→ MATERIAL PROVIDED

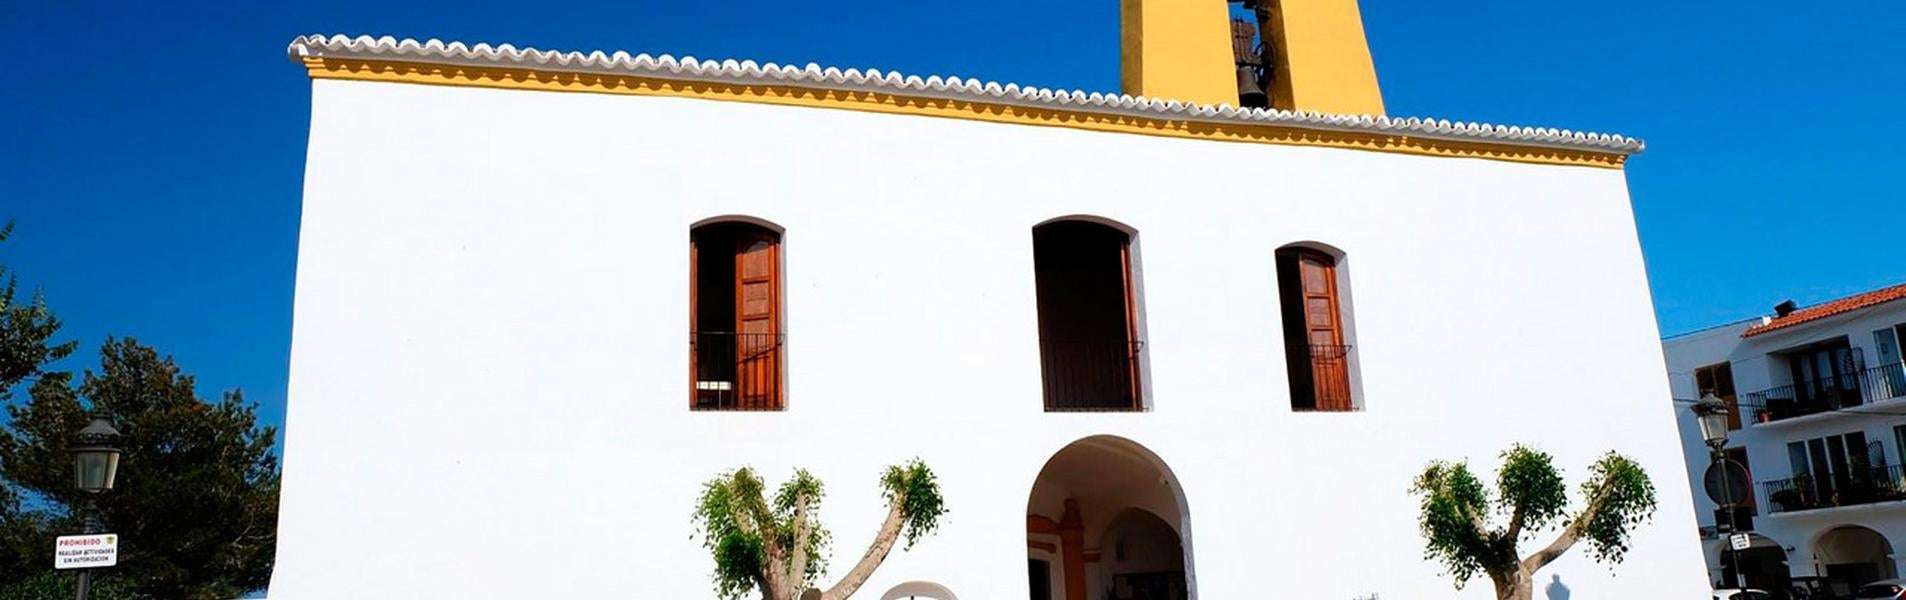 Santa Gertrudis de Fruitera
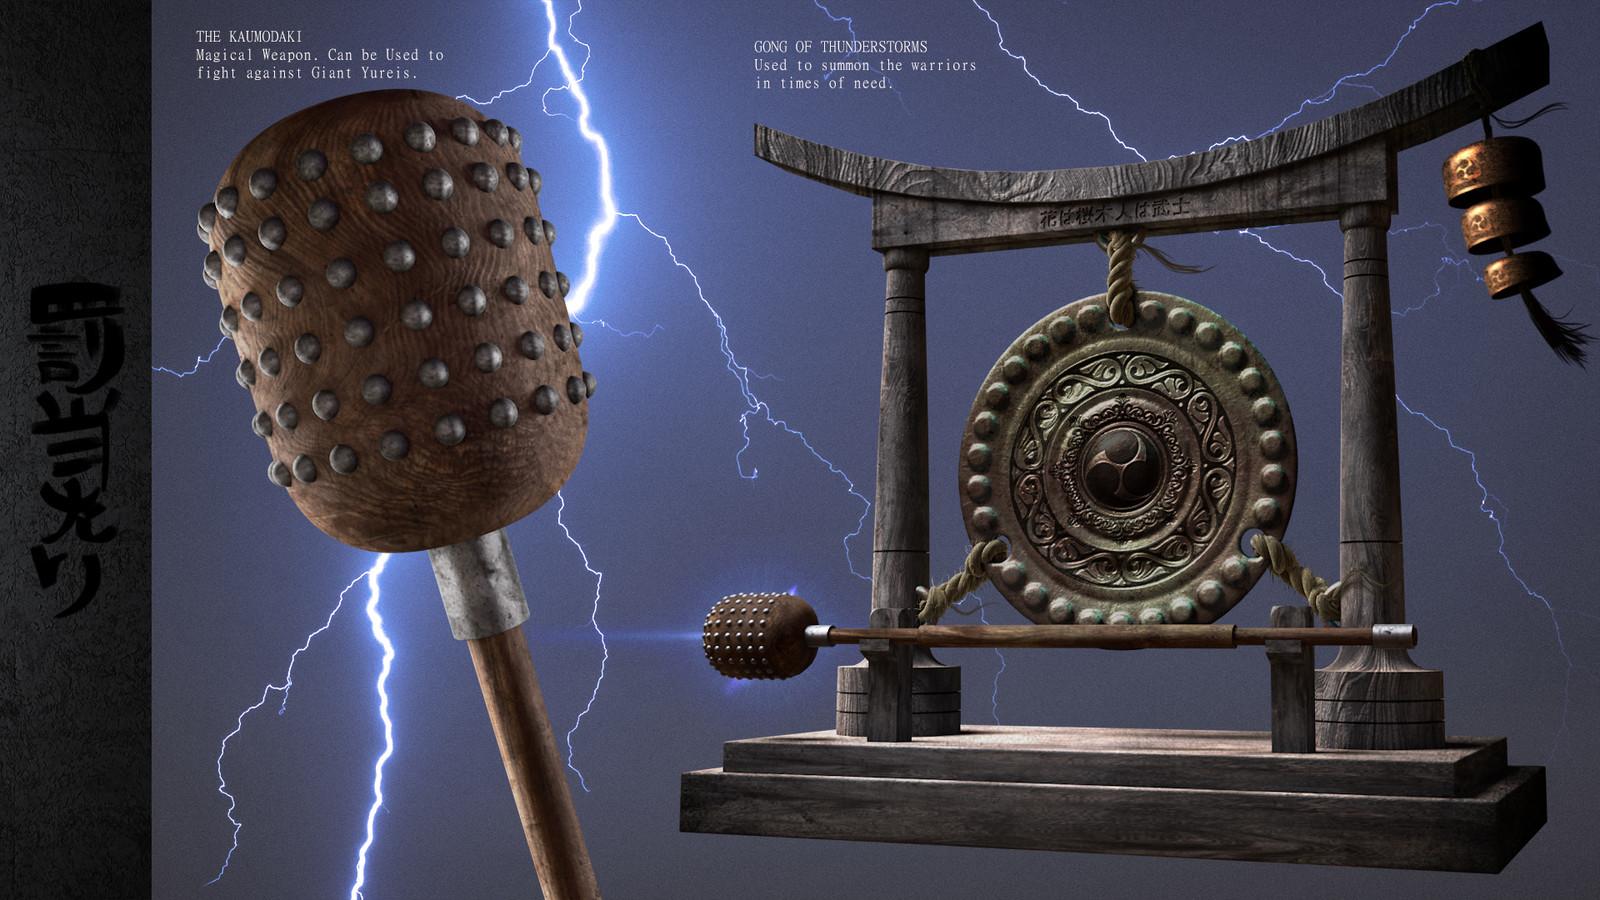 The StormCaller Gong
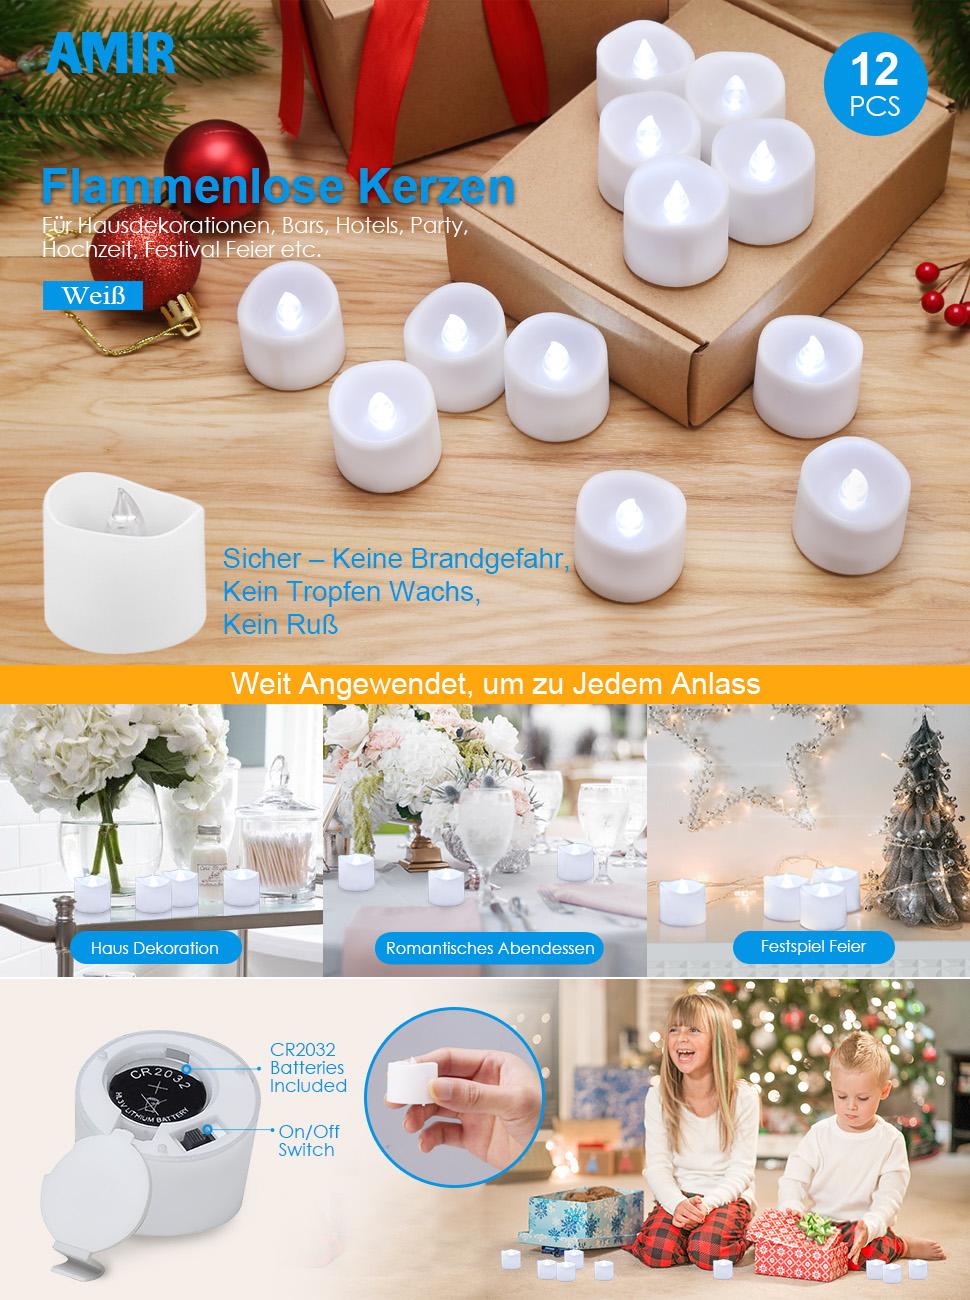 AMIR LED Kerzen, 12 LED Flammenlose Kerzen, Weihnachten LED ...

→ WHAT YOU WILL DO
Skip the images and write out the rest of the listing exactly.

→ EXPECTED ANSWER
 Santa Gertrudis de Fruitera
 The StormCaller Gong
 AMIR LED Kerzen, 12 LED Flammenlose Kerzen, Weihnachten LED ...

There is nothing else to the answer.